━━ RECORDED INFORMATION ━━

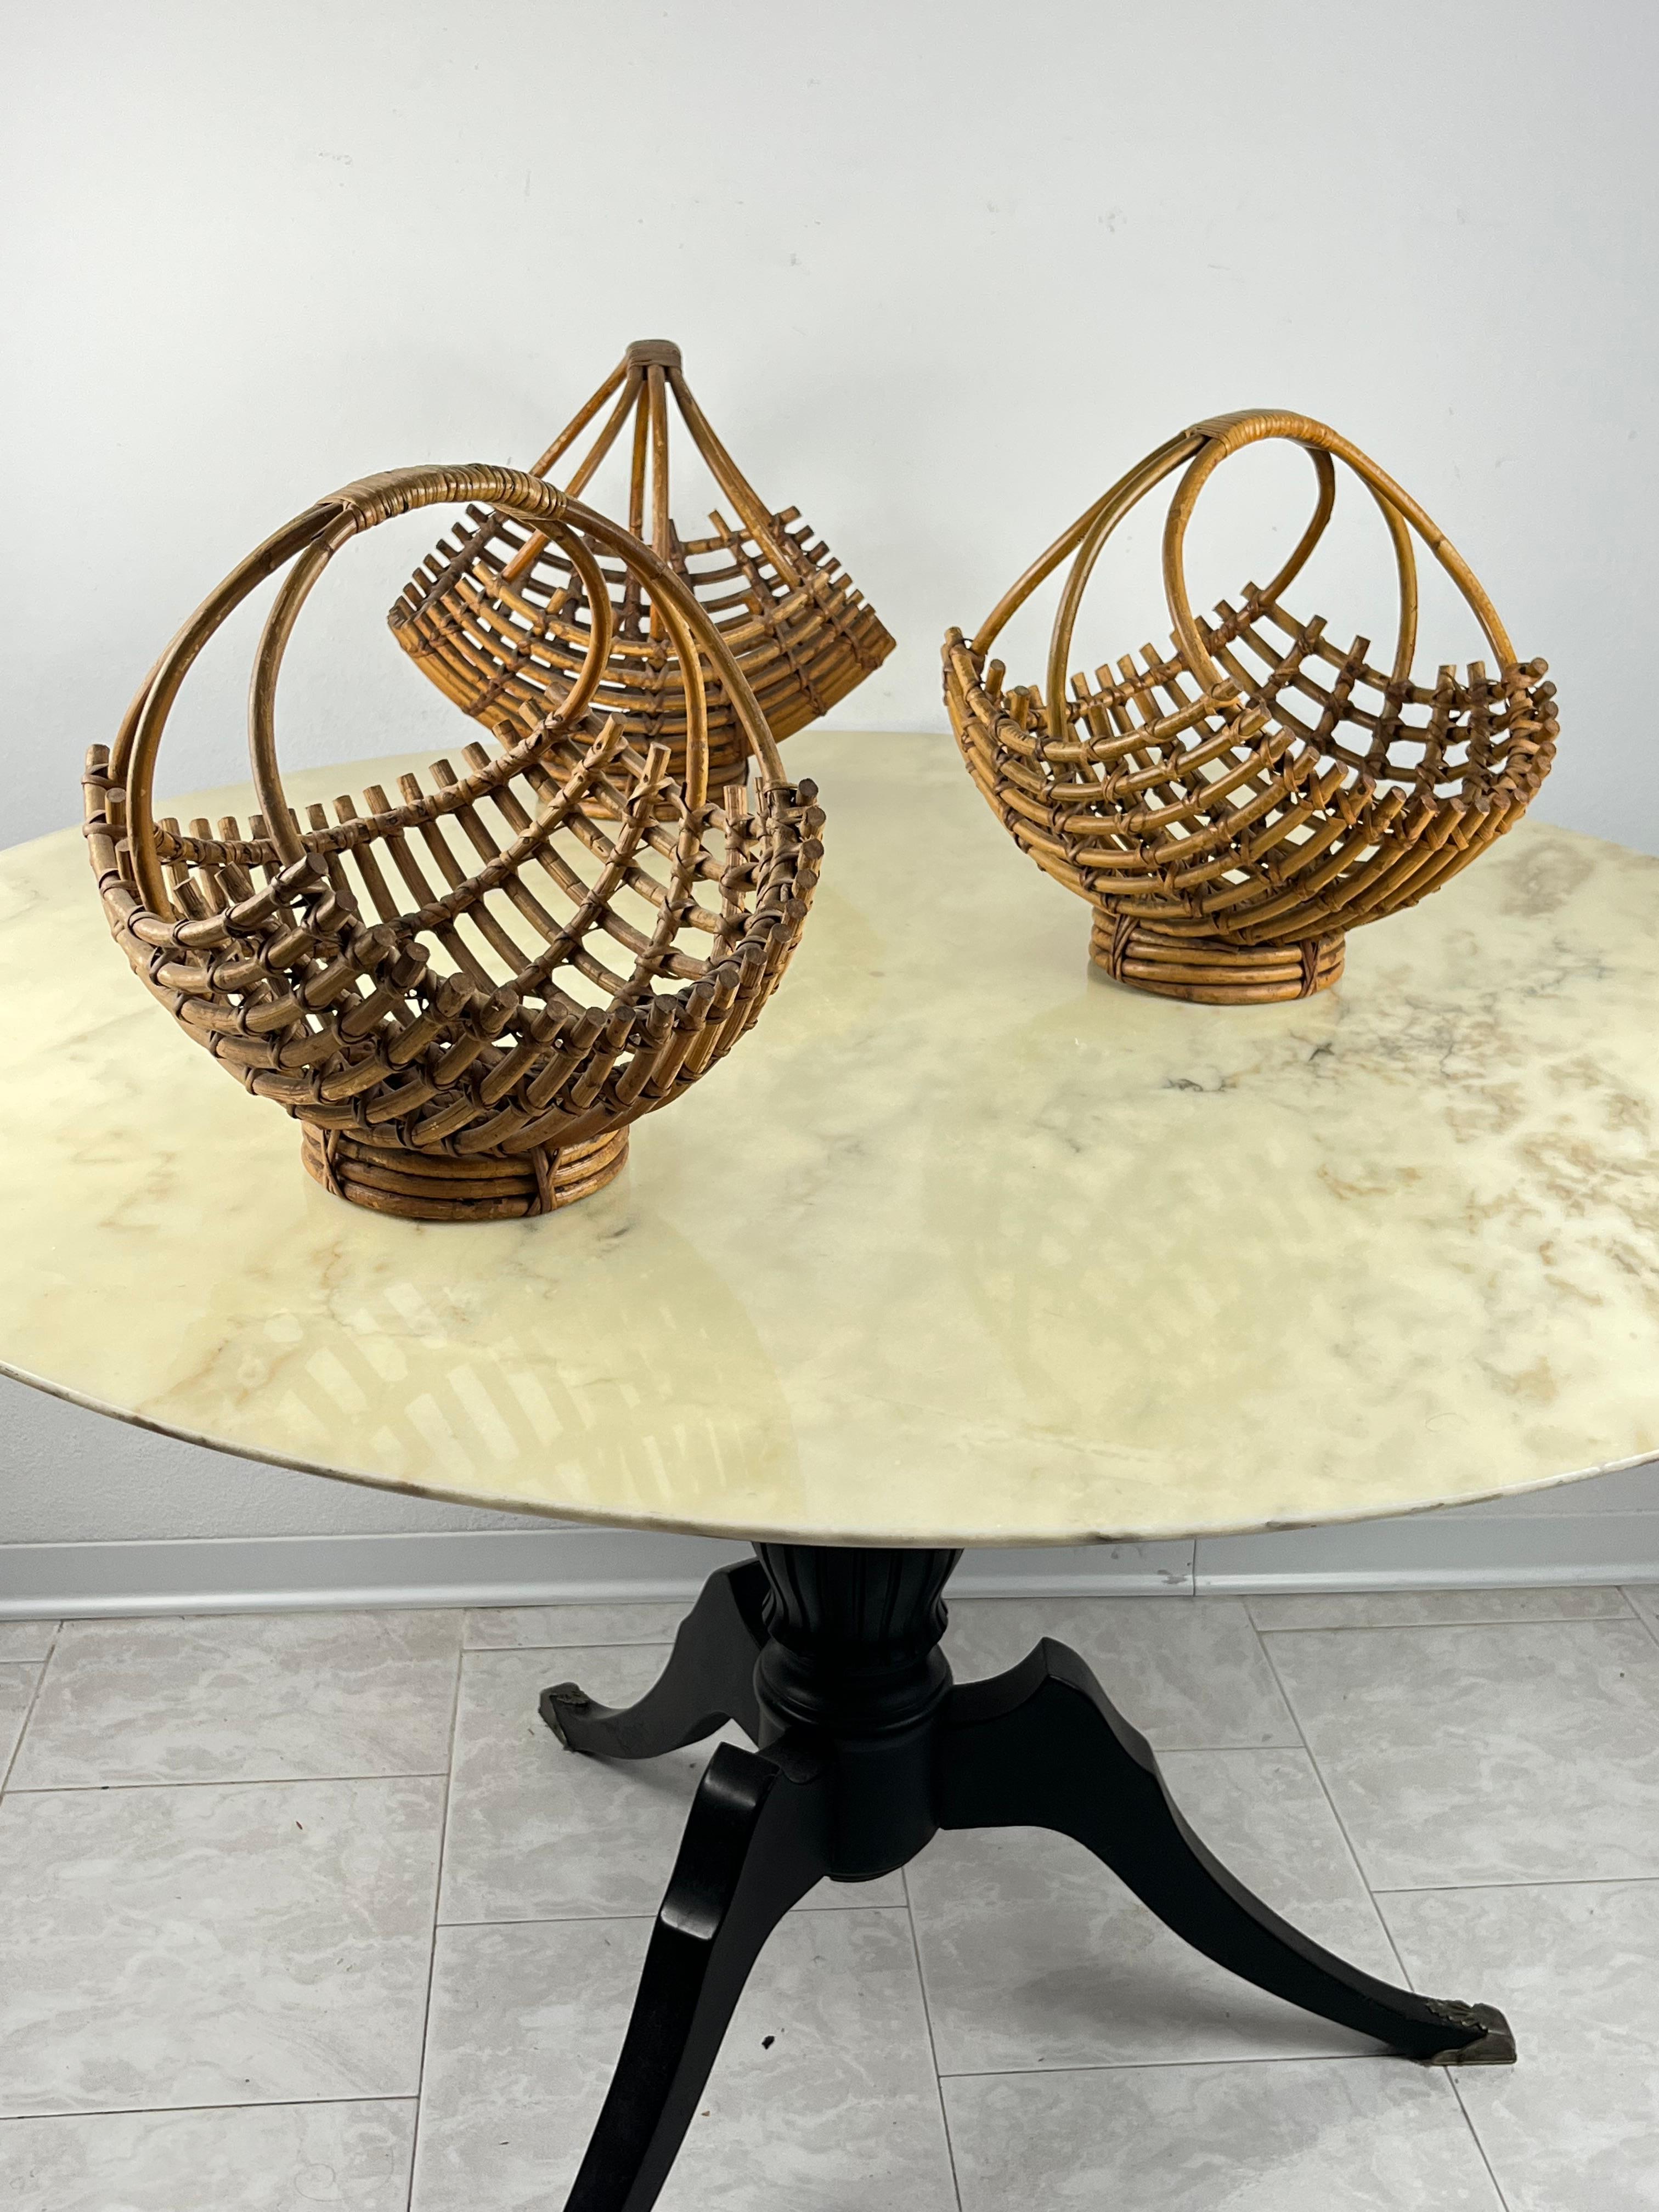 Set of 3 bamboo baskets, Italy, 1960s
Found in a villa in a well-known Sicilian seaside resort, Taormina.
They are in good condition, small signs of aging.
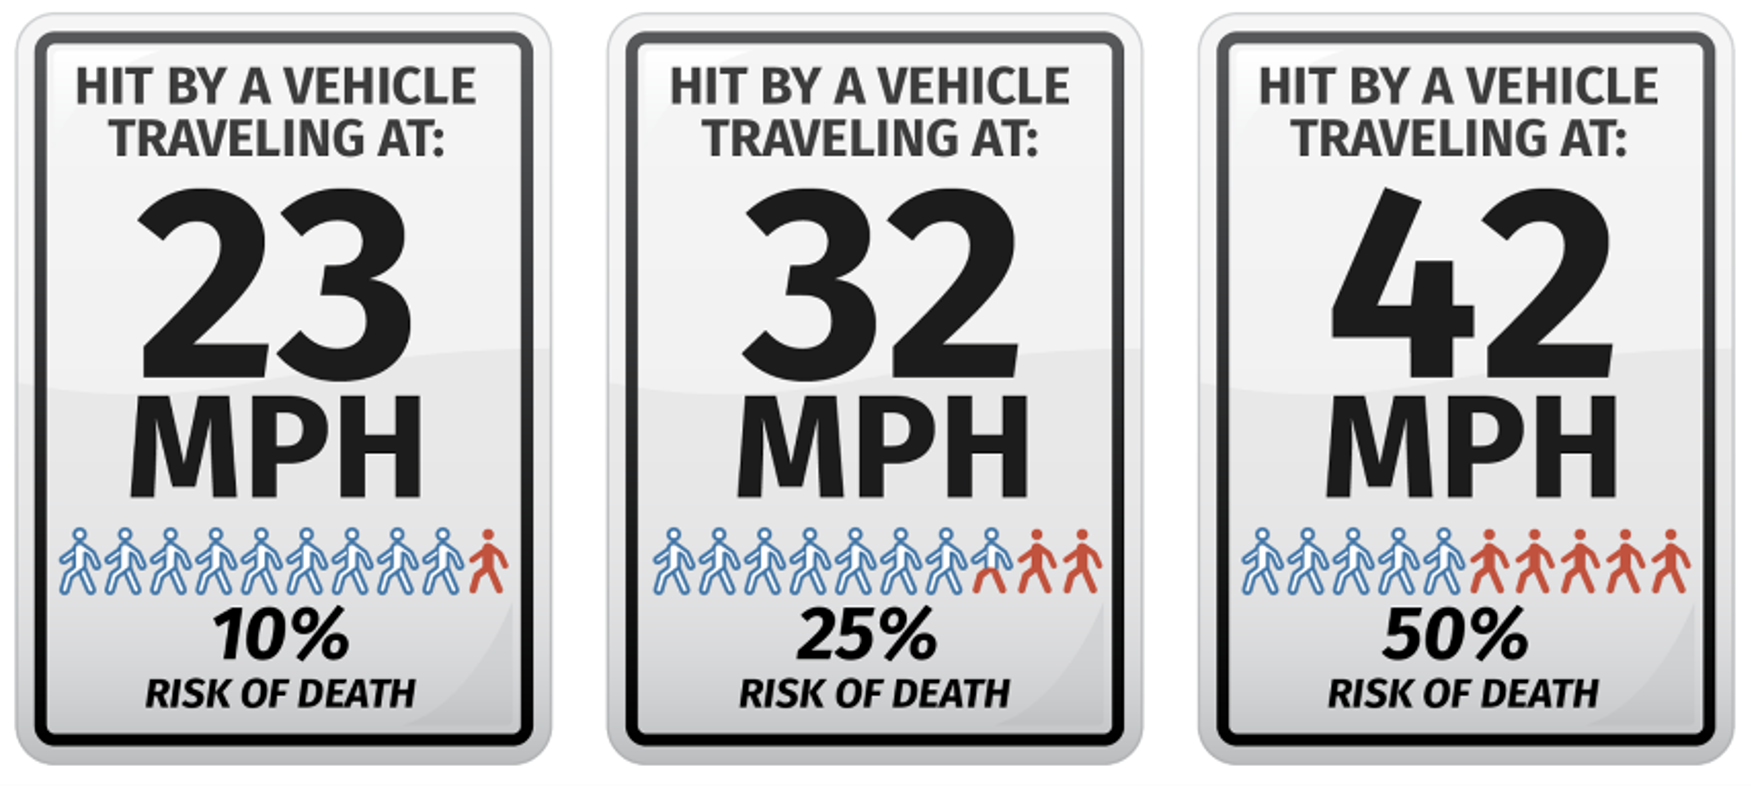 A graphic showing that crashes involving higher vehicle speeds carry a higher risk of death.
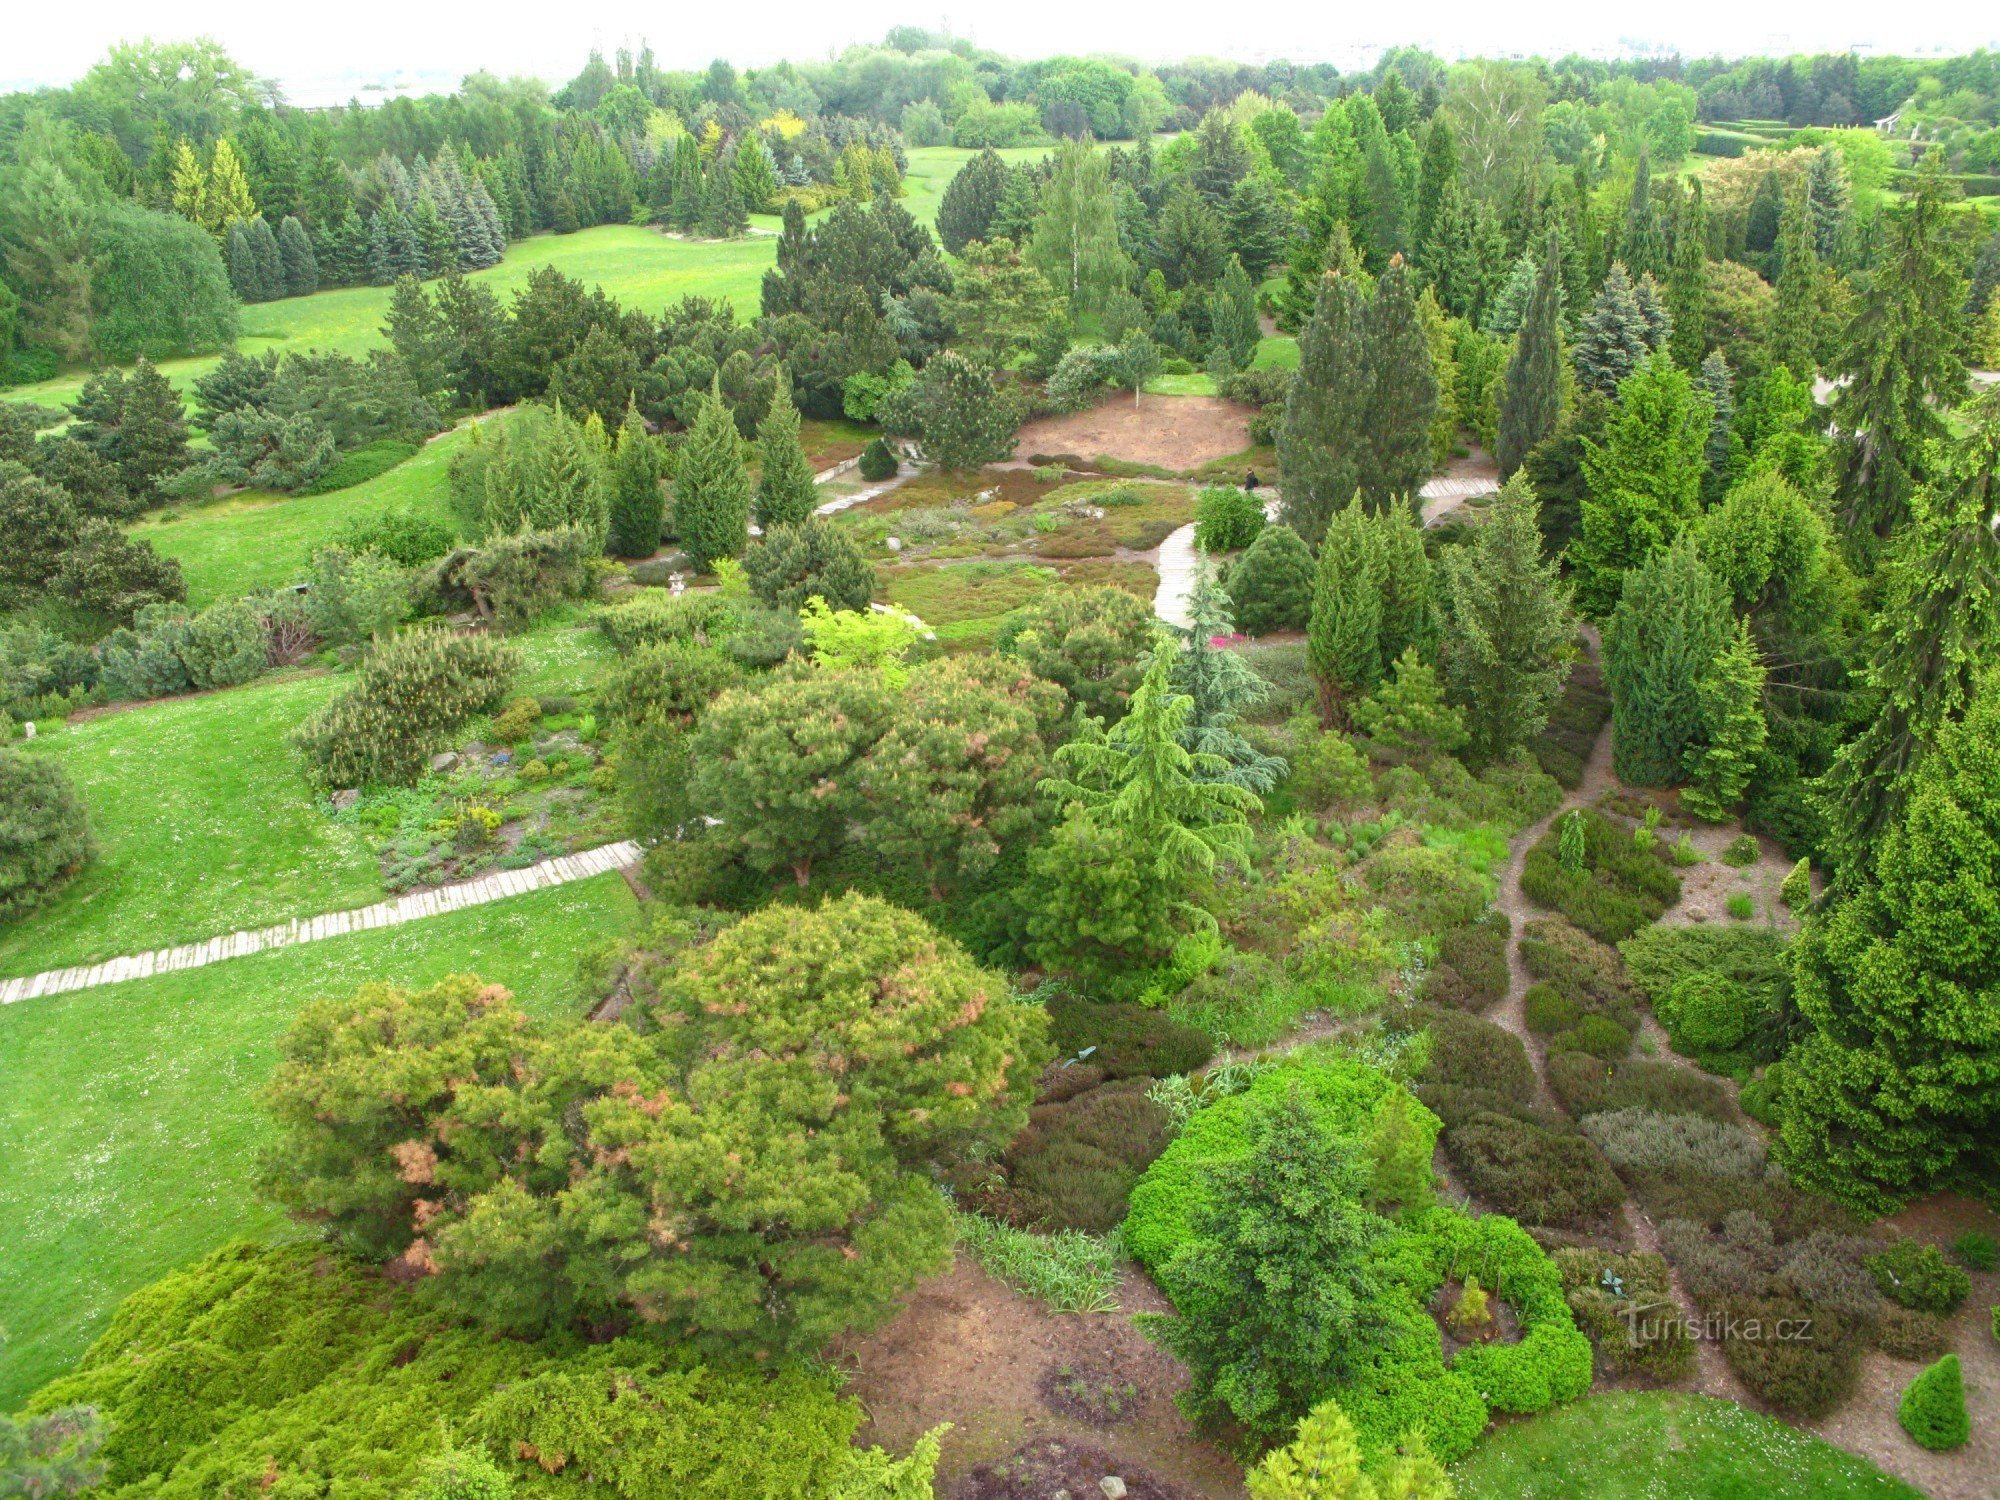 Dendrological garden from a height of 2

━━━

→ **THE TASK**:
Write out exactly the lines from the line holding "A graphic showing" through the last line of the records above, inclusive, and nothing more. Leave out the pictures.

→ **SOLVED EXERCISE**:
 A graphic showing that crashes involving higher vehicle speeds carry a higher risk of death.
 Dendrological garden from a height of 2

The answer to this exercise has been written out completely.